SOURCE DATA
###
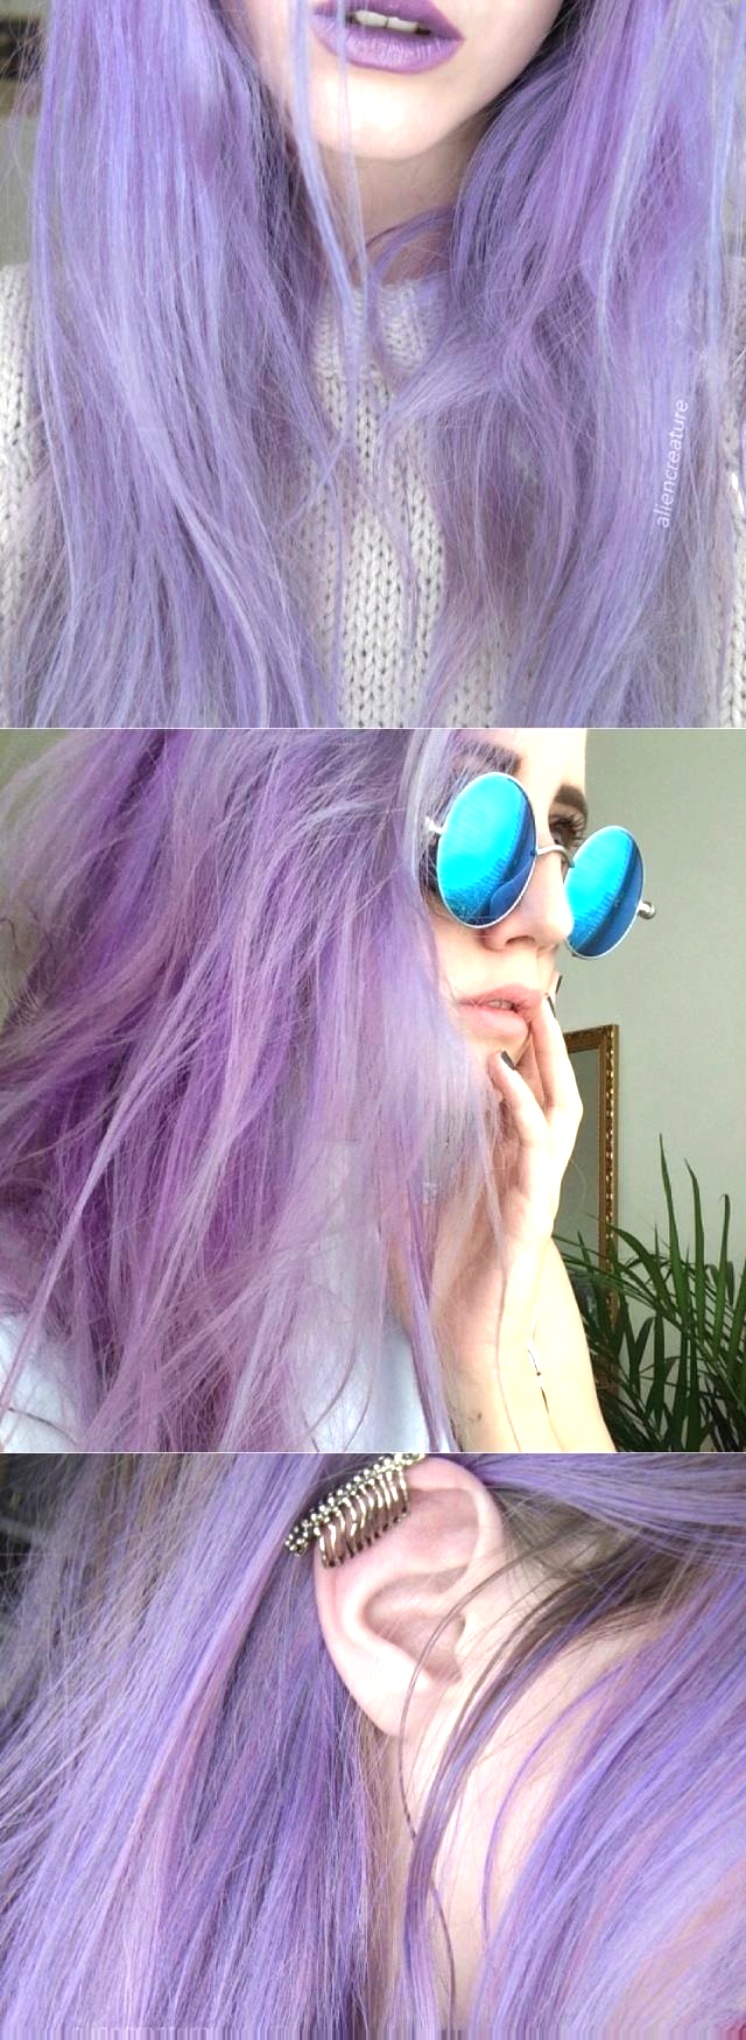 好喜欢这款紫色的发型啊,可是不敢染
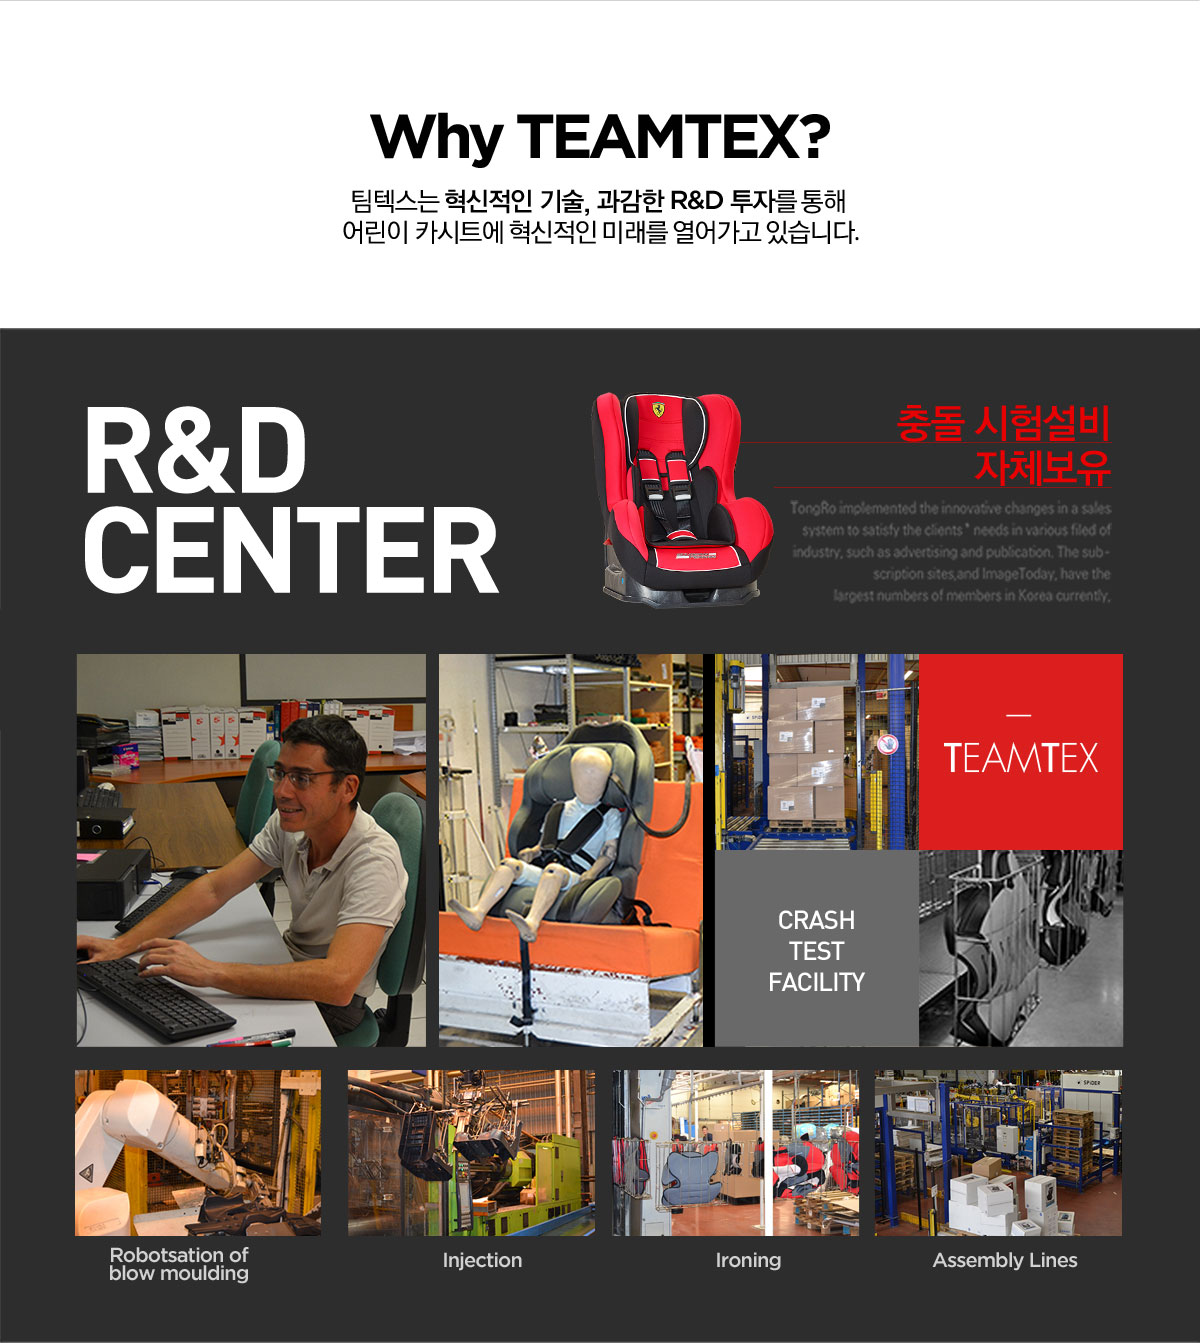 Why Teamtex? 팀텍스는 혁신적인 기술, 과감한 R&D 투자를 통해 어린이 카시트에 혁신적인 미래를 열어가고 있습니다.
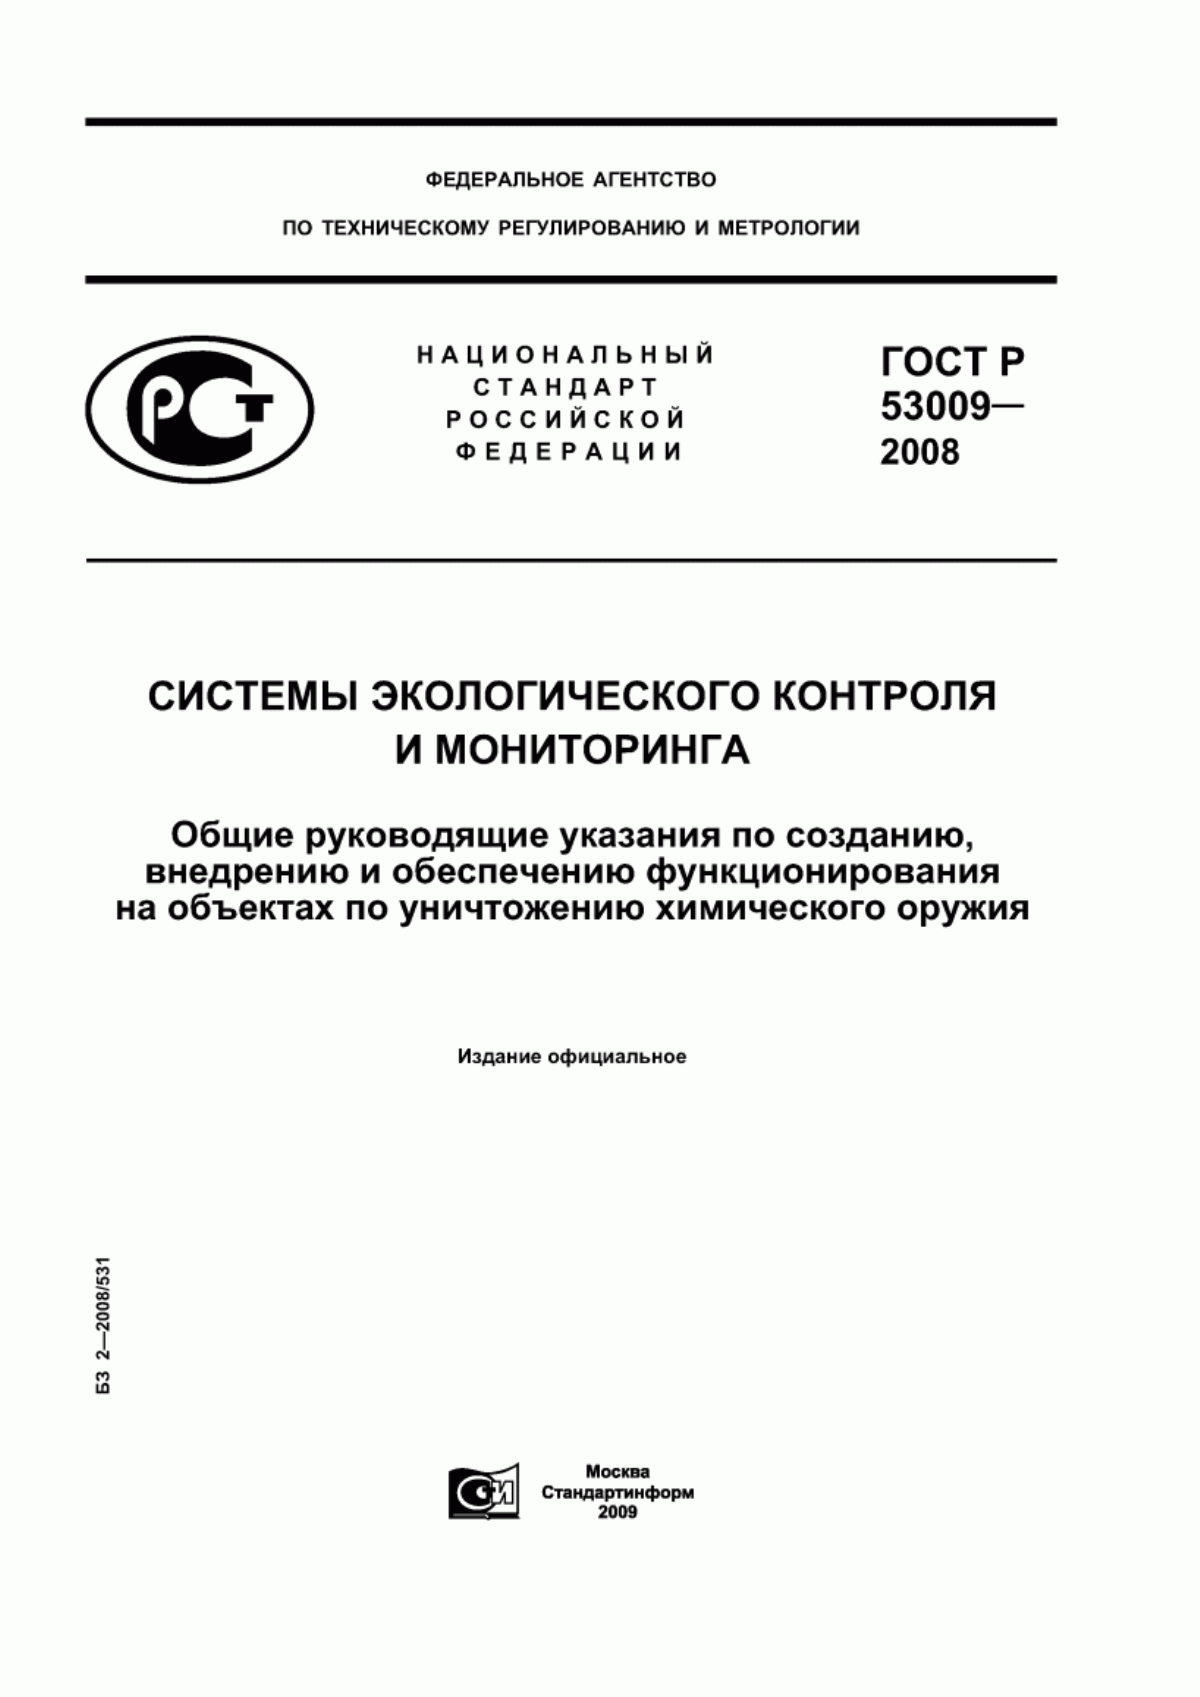 ГОСТ Р 53009-2008 Системы экологического контроля и мониторинга. Общие руководящие указания по созданию, внедрению и обеспечению функционирования на объектах по уничтожению химического оружия
###
INSTRUCTIONS FOR THE TASK
Set down the complete material exactly, but do not include the images.

SOLUTION FOR THIS EXERCISE
 好喜欢这款紫色的发型啊,可是不敢染
 Why Teamtex? 팀텍스는 혁신적인 기술, 과감한 R&D 투자를 통해 어린이 카시트에 혁신적인 미래를 열어가고 있습니다.
 ГОСТ Р 53009-2008 Системы экологического контроля и мониторинга. Общие руководящие указания по созданию, внедрению и обеспечению функционирования на объектах по уничтожению химического оружия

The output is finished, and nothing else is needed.